From this part of the survey, agents are telling us that African foreign buyers have become a very significant part of the foreign buyer contingent in the SA residential market. Given expected global economic developments, I would expect African foreign buying of residential property to become a far more significant percentage than its current 20% in the coming years. The reasoning is twofold. Firstly, Africa’s economic growth prospects, admittedly off a low base, appear somewhat more rosy than the likes of Europe and the USA, whose economies have some years to go to resolving their debt and financial commitment issues. Sub-Saharan Africa has become significantly more stable politically in recent years, laying the foundation for improved economic growth. The result should be a faster growth rate in individual wealth of Africans, and South Africa is, for the foreseeable future the economic hub of the region to which many Africans like to come to visit or work.

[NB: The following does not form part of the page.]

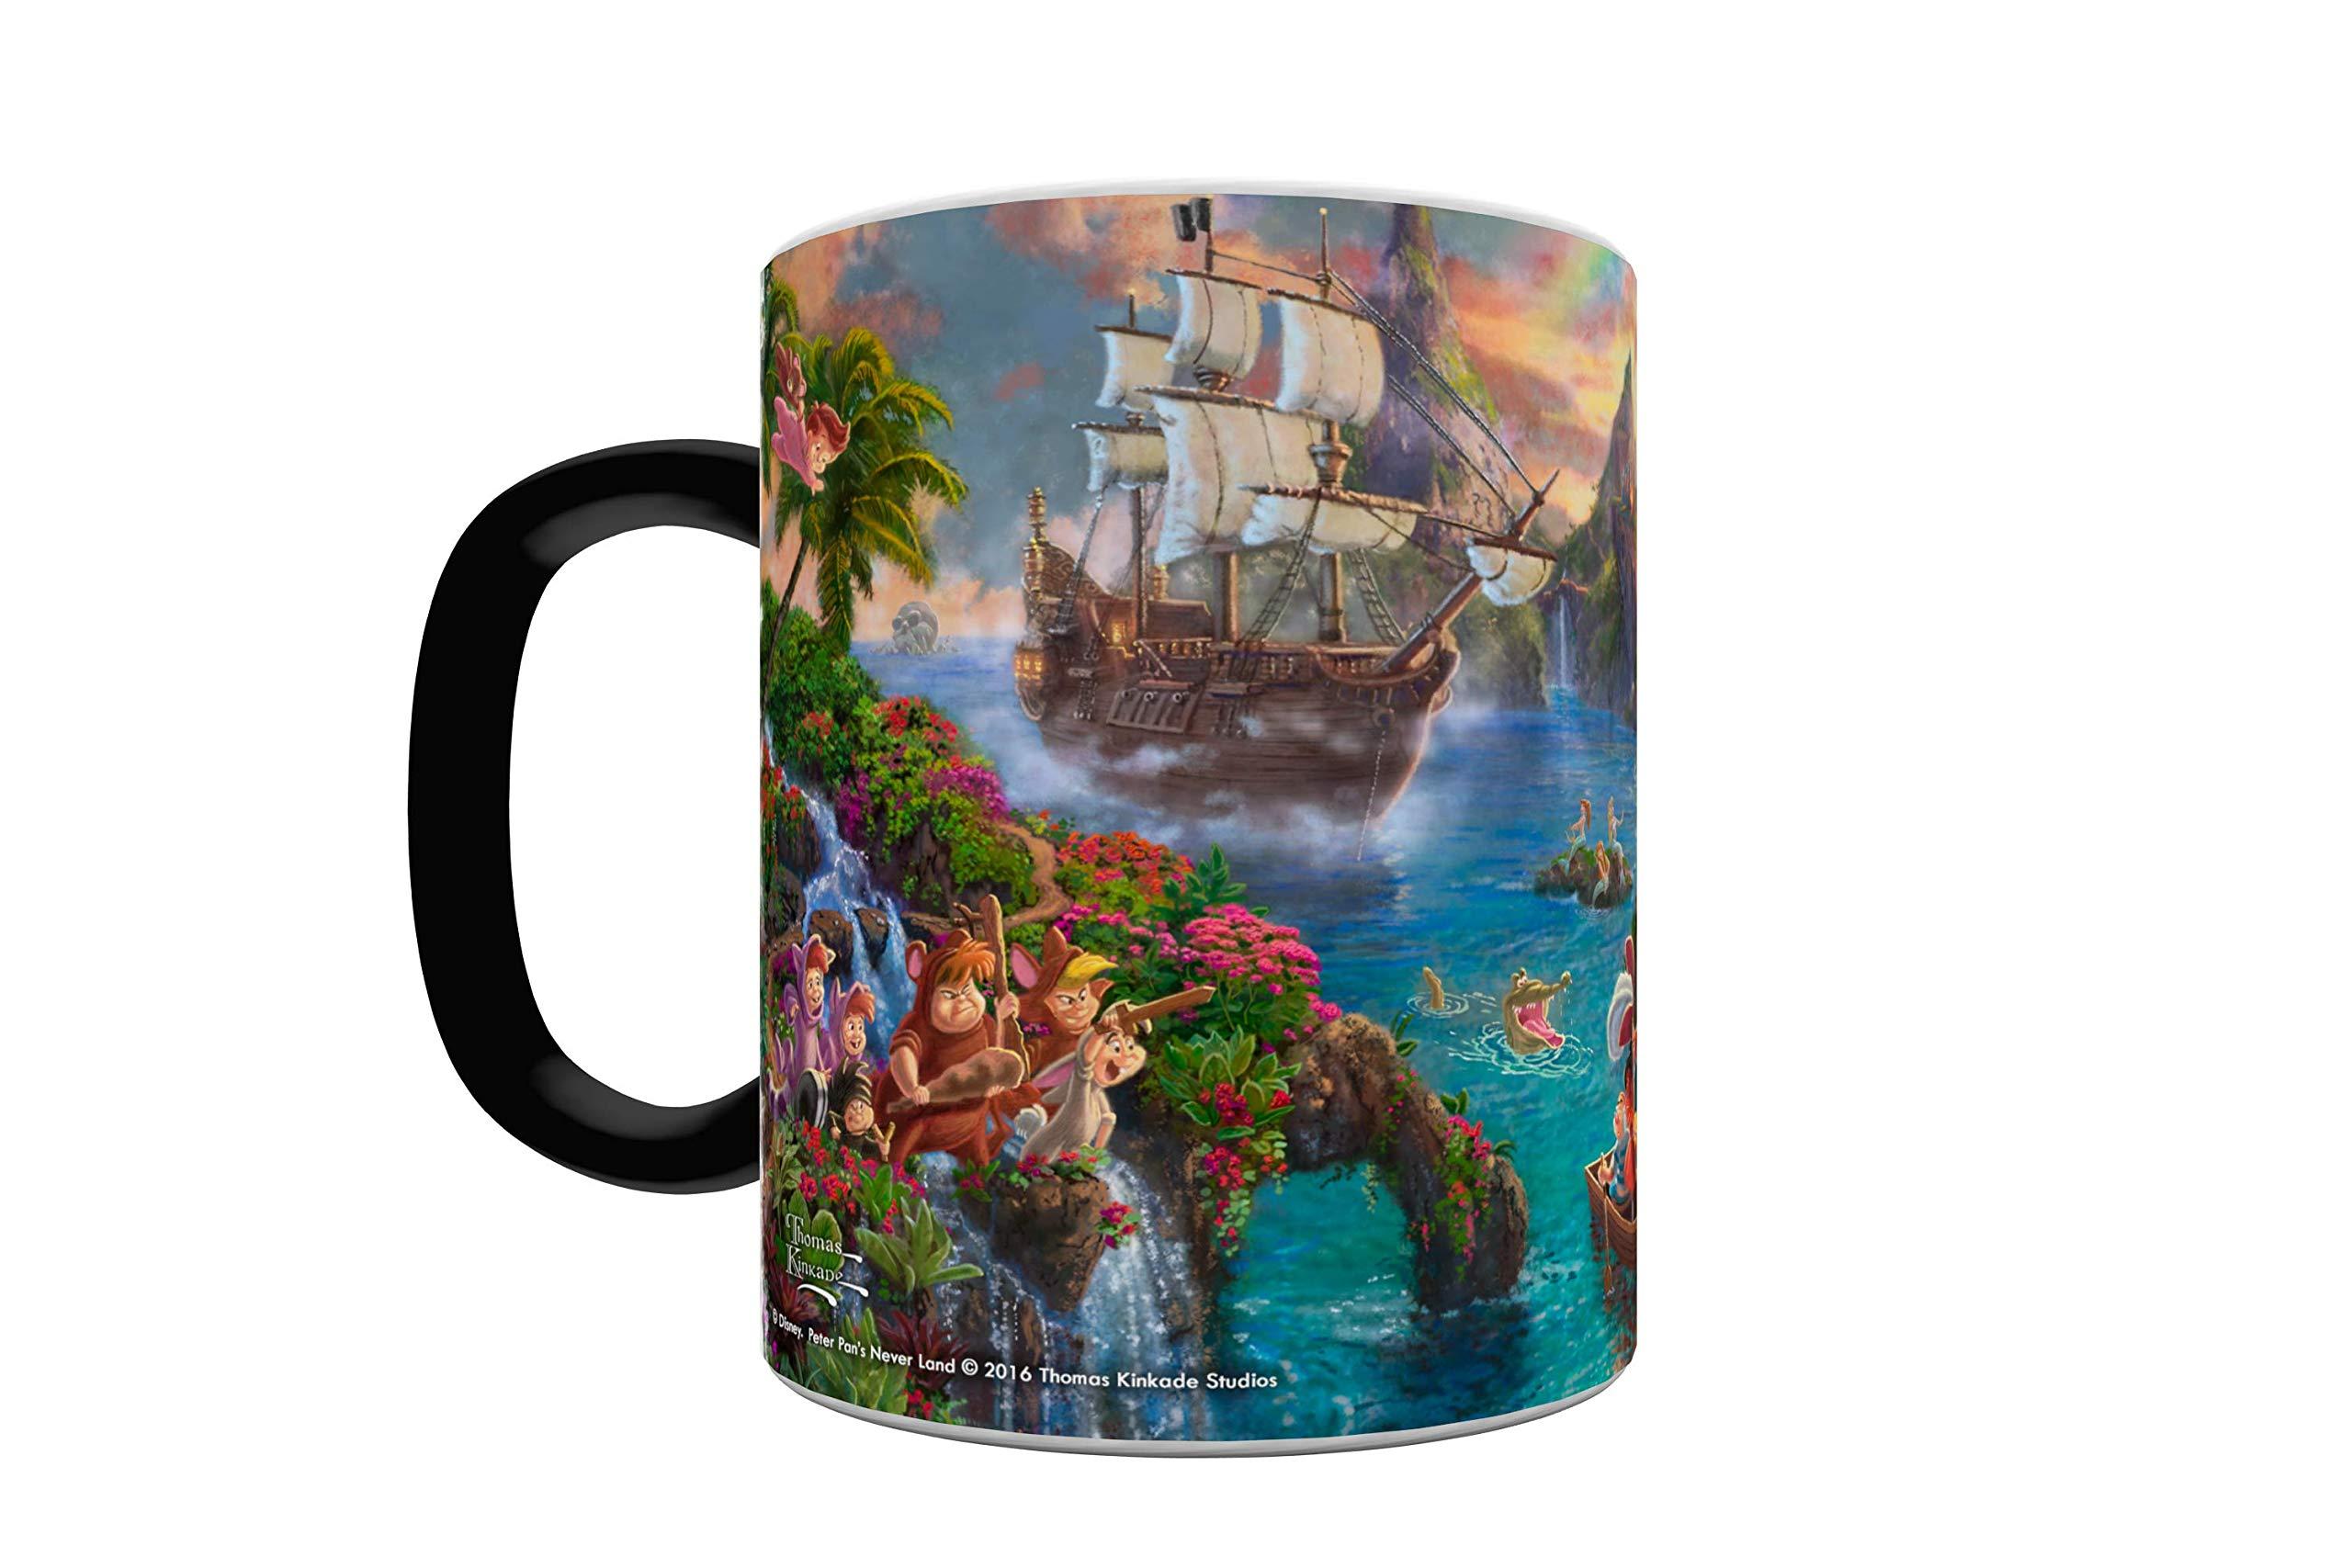 Disney - Peter Pan - Neverland - One 11 oz Morphing Mugs Color Changing Heat Sensitive Ceramic Mug – Image Revealed When HOT Liquid Is Added!
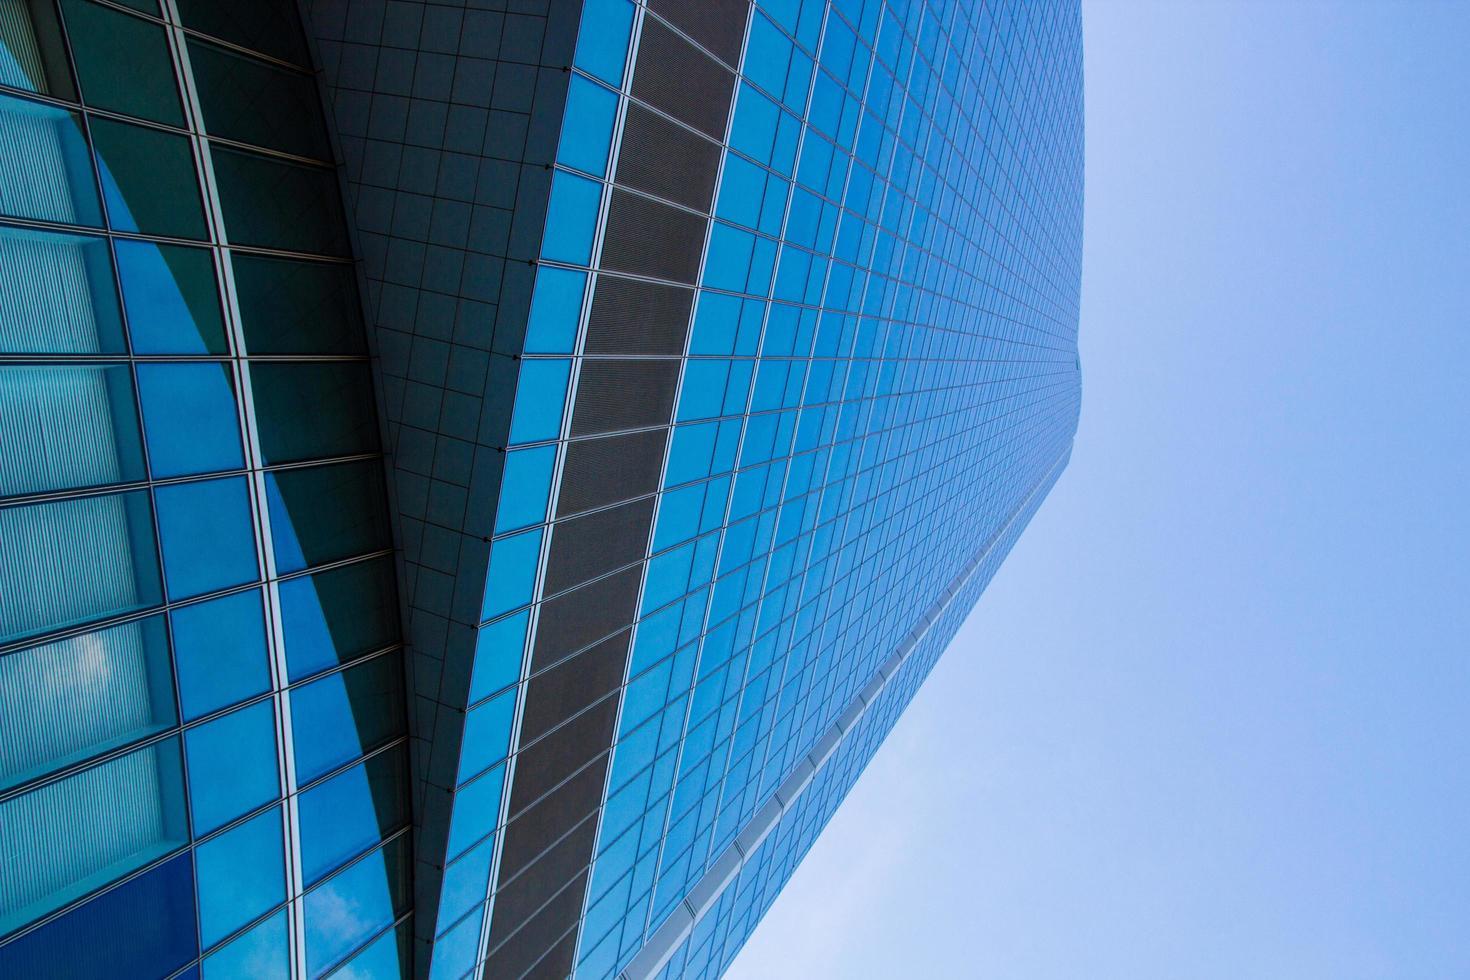 lage hoekmening van gebouw foto

Secondly, as Sub-Saharan Africa grows, and with the likes of Gauteng being key services hubs, business interaction between SA and the rest of Africa, and skilled labour movement between the two, is likely to increase. This is a positive for foreign residential property buying.

foreign impact on property

CONCLUSION

For the time being, foreign buyers remain a relatively small group of buyers of South African residential property. However, there are signs that their contribution to overall buying has been stronger in the 1st half of 2012 than in 2011, with the effects of the recession of a few years ago gradually passing on.

But more noticeable is a significant increase in the African continent’s contribution to foreign buying, according to the agents’ perceptions, and one could expect this group’s contribution to increase significantly in the coming years with Africa’s economic fortunes expected to improve.

Against this, the outflow of emigrant sellers from the SA market appears to remain subdued, as one would expect in what is still a relatively tough period economically for many developed countries. This restricts job prospects, and thus the limits the attractiveness of certain traditionally popular emigration destinations.

The “net foreign effect” on the South African residential property market thus appears to have been improved in 2012 to date, compared to 2011, according to the FNB Estate Agent Survey.